Назавтра Грегори попытался продолжить разговор на философские темы, но Алуэтта предпочла им искусство и общественные науки. Она слушала своего спутника с восторженным вниманием. Если случалось, что он чего-то не знал, то Алуэтта (а анархисты снабдили ее фундаментальными, хотя и предвзятыми, знаниями по этим вопросам) охотно восполняла его пробелы. Особенно забавно получалось, когда они пытались сопоставлять разные версии одних и тех же событий.
Как-то вечером, когда они уже покончили с ужином и вымыли миски, Грегори заметил:
— Мне кажется, вы вполне оправились от испытания, связанного с лечением. По крайней мере, у вас вид отдохнувшего, полного энергии человека.
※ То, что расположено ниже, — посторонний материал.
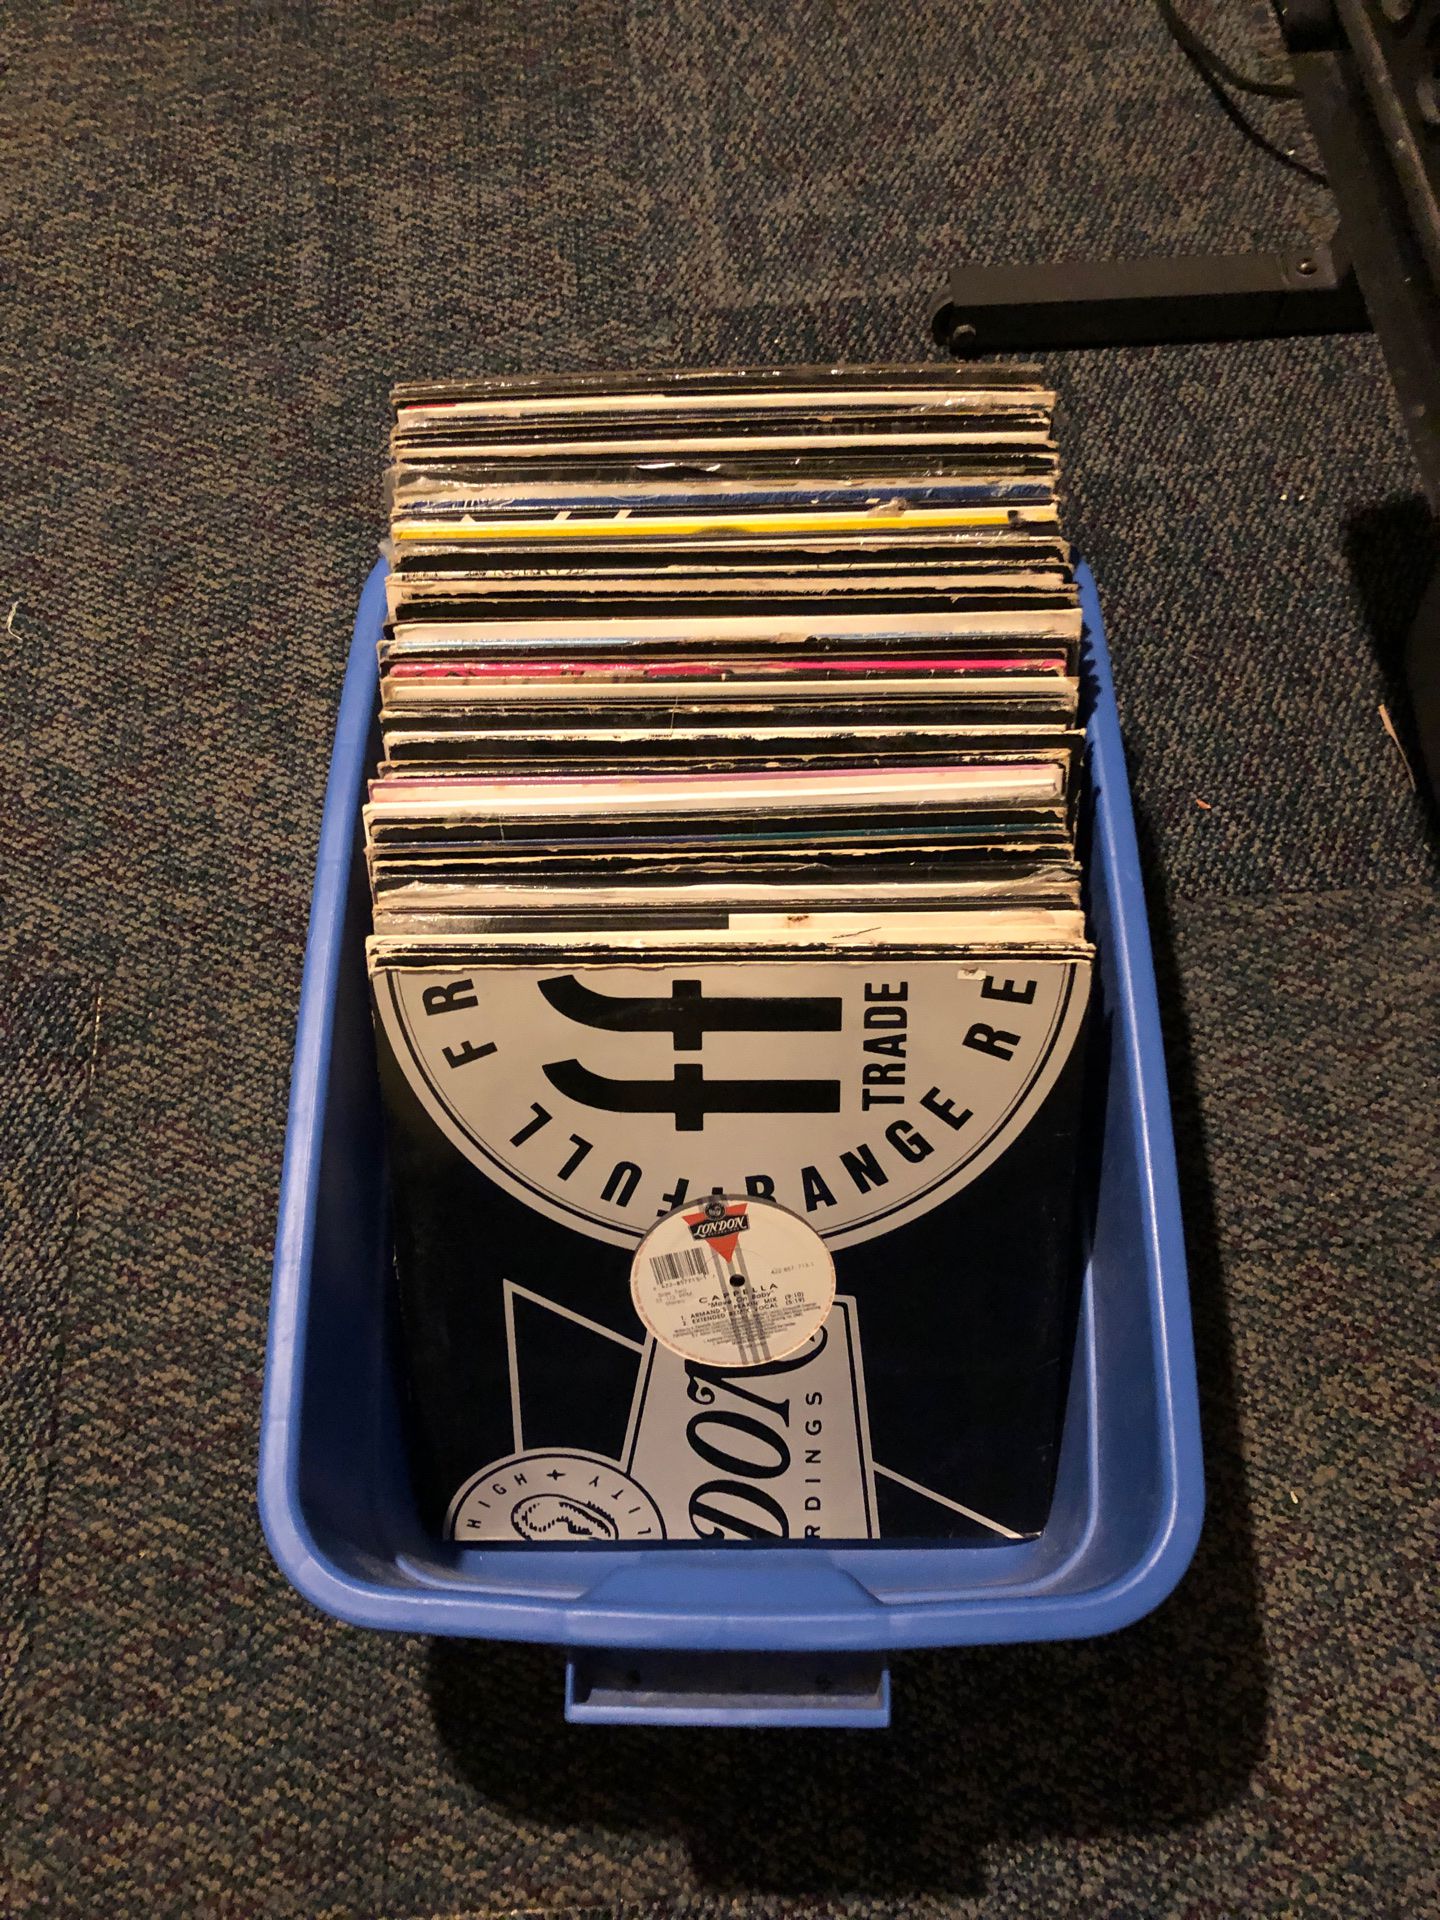 72 DJ Records all cleaned and playable

— В некоторых отношениях — да, — нахмурилась девушка. — Хотя и не уверена, что всецело.
— Ничего, думаю, это — вопрос времени, — он потянулся и прикоснулся к ее руке.
Это прикосновение, такое легкое, почти неощутимое, тем не менее отозвалось дрожью во всем теле девушки. Ей стоило большого труда сохранить спокойный вид.
— Меня волнует другой вопрос, — призналась Алуэтта. — Смогу ли я когда-нибудь почувствовать себя полностью исцеленной?